Я начала читать стихи Августа Иванова. В сборнике было совсем немного стихов. Больше он не успел написать. Я подсчитала — ему тогда еще не было и девятнадцати лет. А Олимпиада Семеновна была, может быть, еще младше. Как звал он ее тогда, если обращался к ней? Липа? Перед некоторыми стихотворениями были одинаковые посвящения «Л. Д.» Фамилия Олимпиады Семеновны — Дашкевич.

Но ведь если бы я, скажем, погибла под этими «Жигулями-Ладой» Владимира Гавриленко, а ведь могло же случиться так, и потом кто-нибудь, может, даже писатель Корнилов, захотел бы составить из моих стихов книжечку, в ней было бы еще меньше страниц.

Август Иванов просто не успел. И стихи его, по правде, мне не очень понравились. Нет, я понимаю, что это хорошие стихи. Но они еще какие-то неумелые. И здесь он не успел.

Правда, было там одно стихотворение, которое я сразу запомнила. Какое-то неприличное, веселое и, как было указано в примечании, перепечатанное из фронтовой газеты. Начиналось оно так:

Однажды некий дезертир От бомб сбежал в сортир…

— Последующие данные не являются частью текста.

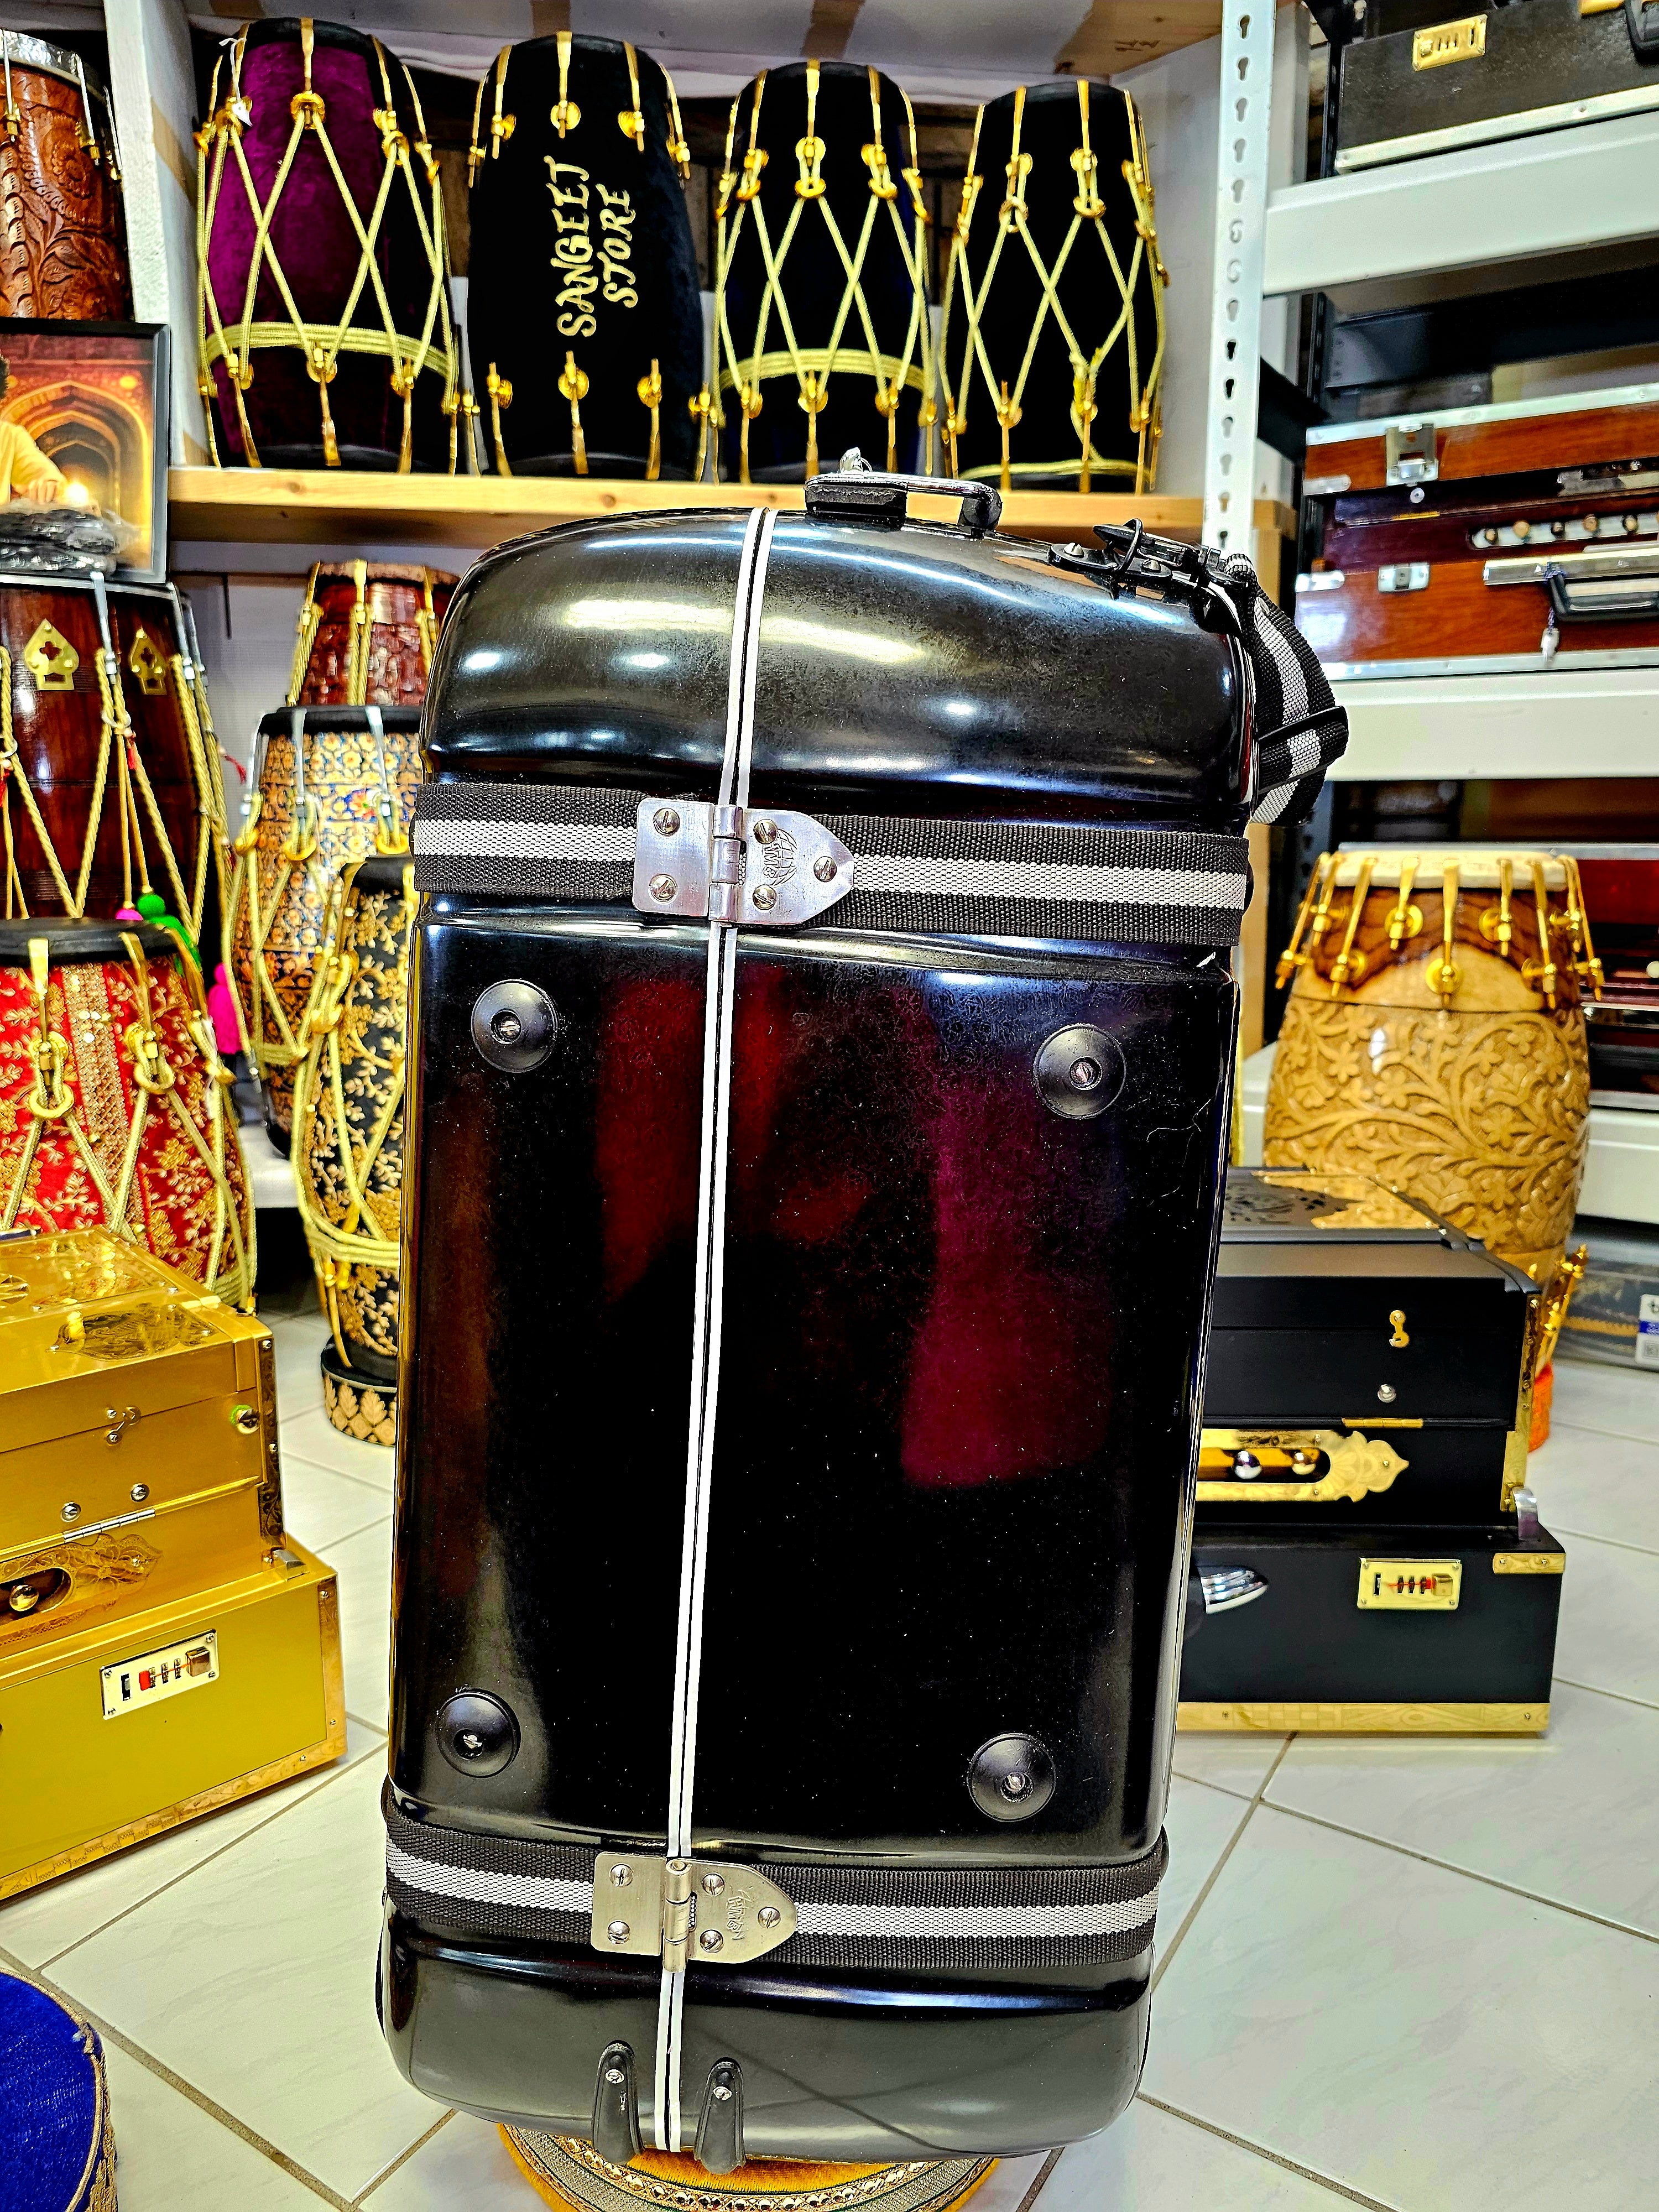 Melodic Fortress: Sleek Black 2-Piece Tabla/Dholak Case with Enhanced Mobility and Red Felt Luxury
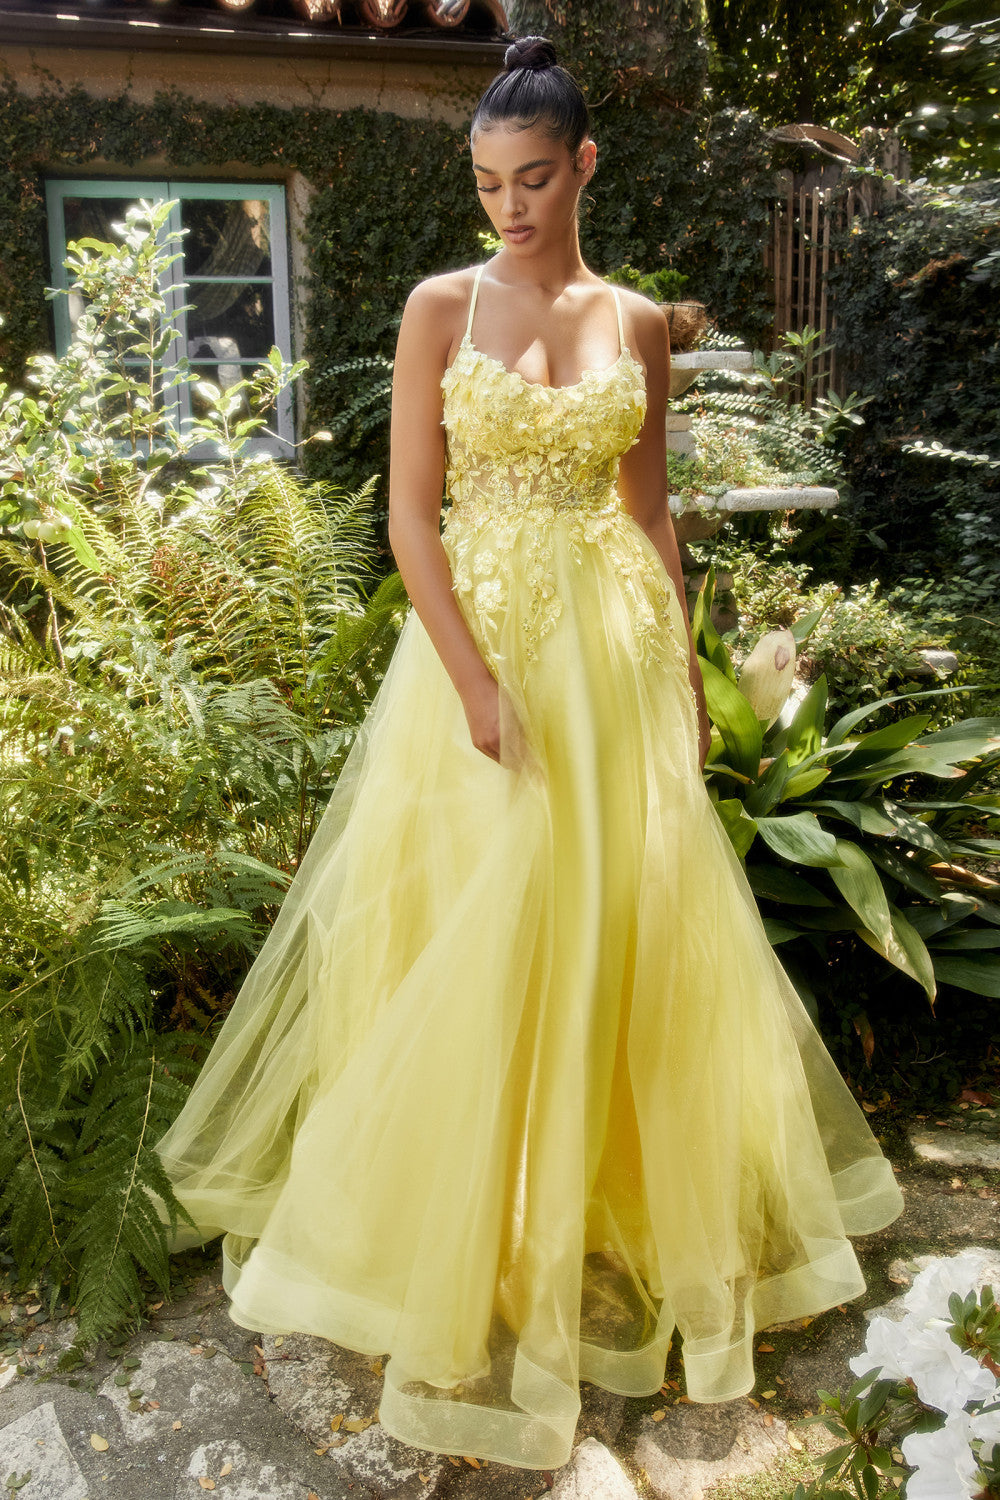 Floral Applique A-Line Gown by Andrea & Leo Couture A1142 Penelope Gown - Special Occasion

В палату вернулась Олимпиада Семеновна. Вместе с медсестрой Анечкой. Анечка сделала Юльке укол. Как здесь говорят, инъекцию. В руку. В предплечье. Анечка славится тем, что делает будто бы эти инъекции совсем не больно. Но все равно — если это каждый день, несколько раз…

Интересно бы спросить у Юльки… Если бы она совсем выздоровела… Если бы у нее все срослось… И снова загорелся бы коровник? Стала бы она опять выводить коров? Думаю, стала бы. Но спросить об этом нельзя. Юлька полностью, по-видимому, уже никогда не выздоровеет.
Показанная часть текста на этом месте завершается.